The gstat(Pebesma and Graeler 2026) package is your friend. And I’m going to plot in ggplot via tidyverse(Wickham 2023) with sf(Pebesma 2026), terra(Hijmans 2026) and tidyterra(Hernangómez 2023). We’ll also pull in tmap(Tennekes 2025) for a map or two.
The term “geostatistics” is big and vague – like “statistics” it covers both descriptive and inferential approaches. The difference, somewhat tautologically, is the “geo”: we use the spatial structure in the data to aid our understanding.
So far we’ve been mostly describing spatial patterns and sometimes using those patterns to make inferences about processes. Now we’re going to predict. Collecting data is expensive and time consuming, so we often sample and then hope to say something about unsampled locations. In geostatistics, because we know how to measure spatial structure (autocorrelation, remember?), we can use that structure to produce predictions for locations we never visited. And with probabilistic methods, we get uncertainty estimates on those predictions too. We’ll come back to that last part in the later chapters.
We are going to tackle the broader theory and application of geostatistics (which did indeed develop from the desire to get more gold out of the ground in South Africa) but we are going to start with a conceptual application that predates geostatistics as a discipline. We have already introduced the idea of inverse distance weights (IDW) with our matrix \(W\) from the Moran’s I calculation where \(w_{ij}=d_{ij}^{-1}\).
Using distance as a predictor implements the so-called first law of the geography “Everything is related to everything else, but near things are more related than distant things.” IDW uses this assumption to predict a variable at unmeasured locations by using nearby measurements. The closer the measured values are to the prediction location, the more influence (weight) they have. With IDW, influence diminishes as a function of distance.
We are now going to use IDW as a way to get an estimate of a variable (\(\hat{Z}\)) at a spatial location \(s_0\) using a weighted spatial average:
\[\hat{Z}(s_0)=\frac{\sum_{i=1}^n w(s_i)Z(s_i)}{\sum_{i=1}^n w(s_i)}\]
where \(w\) is the weights of \(n\) measurements at \(i\) locations (\(s\)). The weight is calculated as a function of inverse distance: \[ w(s_i) = ||s_i - s_0||^{-p} \]
where \(|| \cdot ||\) indicates Euclidean distance and \(p\) is a weighting power (often defaulting to two). The inverse power determines the influence that nearby points have (\(w\) closer to one) as compared to points farther away (\(w\) closer to zero) in the weighted average.
Let’s visualize the function where weight (\(w\)) equals the inverse of distance (\(d\)): \(w=d^{-1}\) as such:

And with a log scale to see more clearly.
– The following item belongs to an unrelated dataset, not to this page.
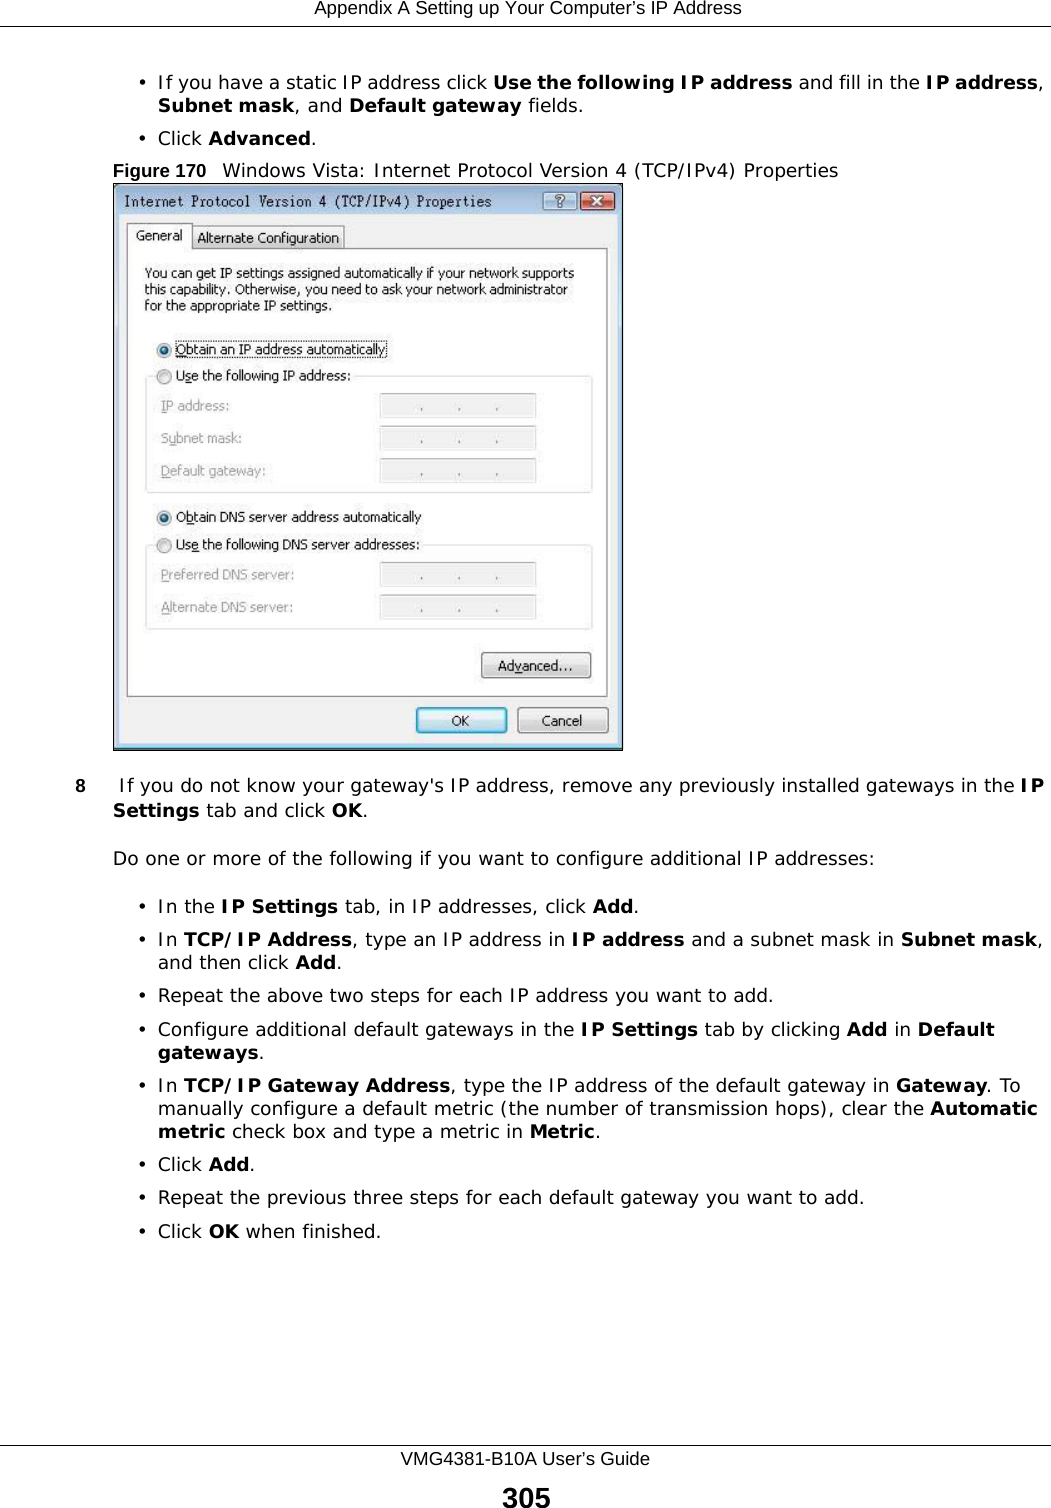  Appendix A Setting up Your Computer’s IP AddressVMG4381-B10A User’s Guide305• If you have a static IP address click Use the following IP address and fill in the IP address, Subnet mask, and Default gateway fields. • Click Advanced.Figure 170   Windows Vista: Internet Protocol Version 4 (TCP/IPv4) Properties8 If you do not know your gateway&apos;s IP address, remove any previously installed gateways in the IP Settings tab and click OK.Do one or more of the following if you want to configure additional IP addresses:•In the IP Settings tab, in IP addresses, click Add.•In TCP/IP Address, type an IP address in IP address and a subnet mask in Subnet mask, and then click Add.• Repeat the above two steps for each IP address you want to add.• Configure additional default gateways in the IP Settings tab by clicking Add in Default gateways.•In TCP/IP Gateway Address, type the IP address of the default gateway in Gateway. To manually configure a default metric (the number of transmission hops), clear the Automatic metric check box and type a metric in Metric.• Click Add. • Repeat the previous three steps for each default gateway you want to add.• Click OK when finished.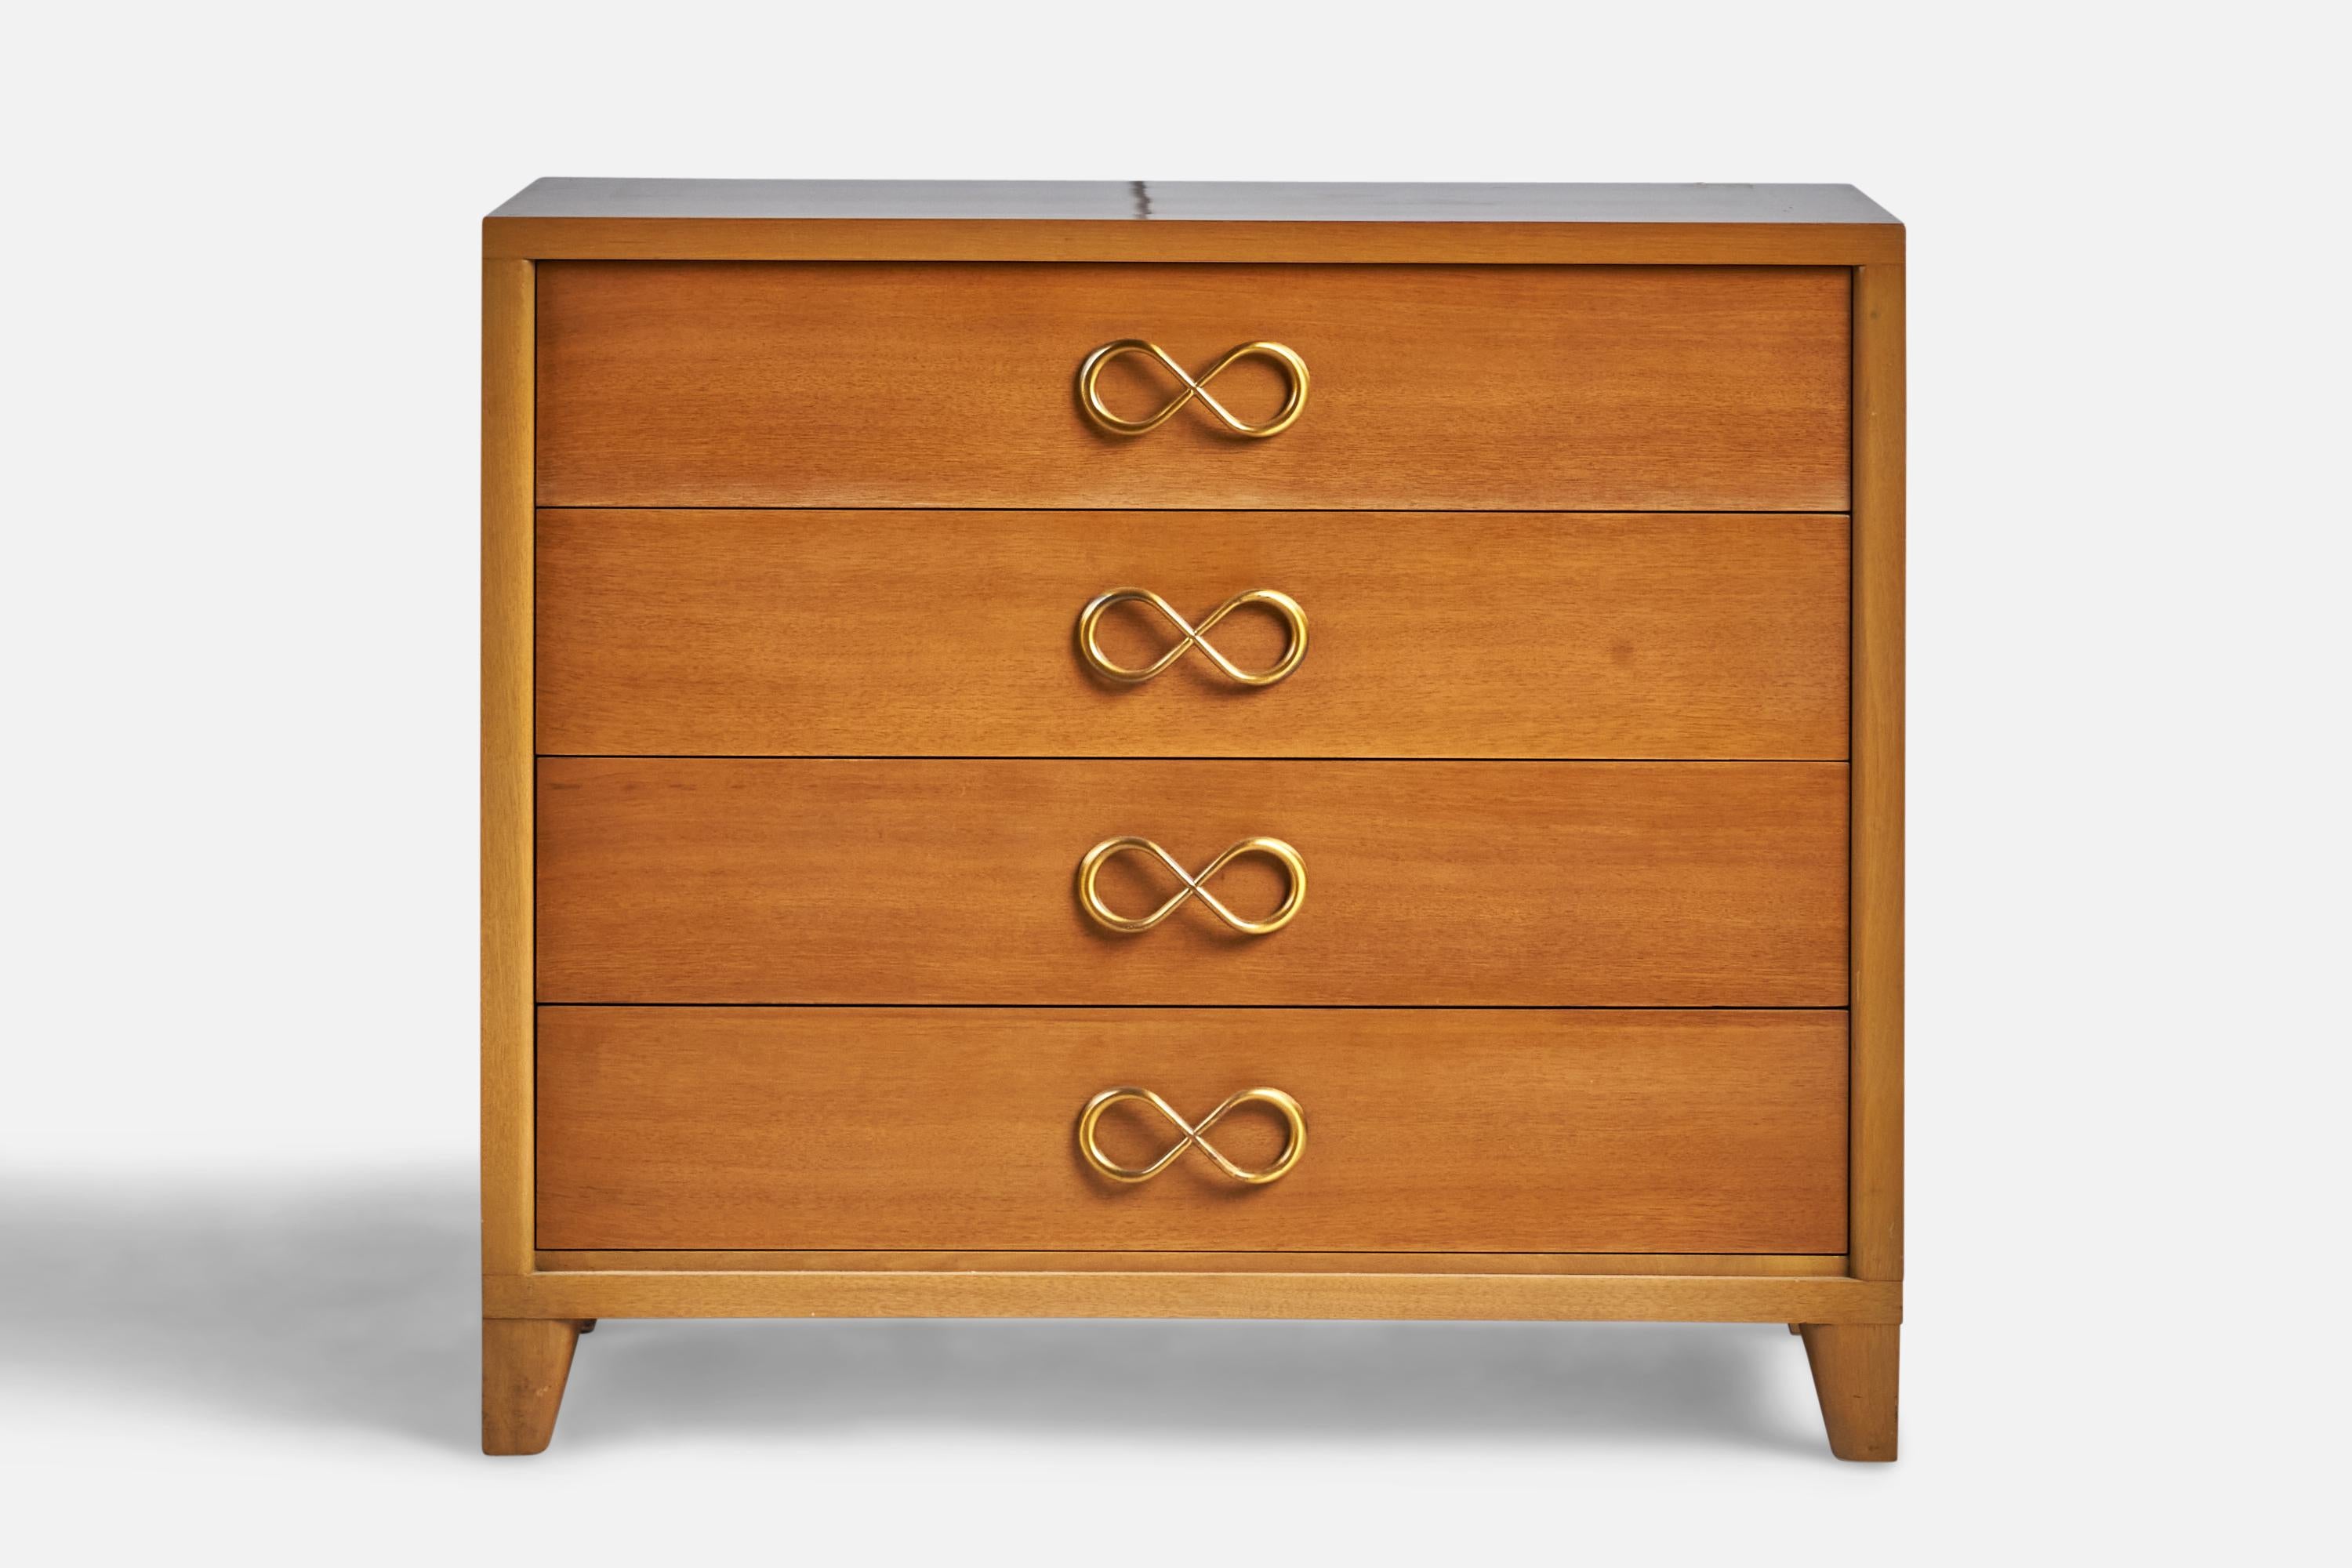 American Red Lion Furniture, Chest of Drawers, Walnut, Brass, USA, 1940s For Sale

In that case we are using the straight inverse distance as \(w=d^{-1}\) or \(w=d^{-p}\) where \(p=1\). But what if that curve is too steep? Or not steep enough? We can choose a value of \(p\). E.g., the function can be \(w=d^{-2}\) if we set \(p=2\). Let’s look at a range of \(p\) values.
foo <- rbind(data.frame(d = 1:100, w = (1:100)^0, p = "0"),
data.frame(d = 1:100, w = (1:100)^-0.5, p = "0.5"),
data.frame(d = 1:100, w = (1:100)^-1, p = "1"),
data.frame(d = 1:100, w = (1:100)^-1.5, p = "1.5"),
data.frame(d = 1:100, w = (1:100)^-2, p = "2"),
data.frame(d = 1:100, w = (1:100)^-2.5, p = "2.5"))
foo %>% ggplot(mapping = aes(x=d,y=w,color=p)) + geom_line() +
labs(x="Distance",y="Weight")
And with a log scale to see more clearly (if you can think in logs – it takes me awhile to wrap my head around it, but then I’m glad I did).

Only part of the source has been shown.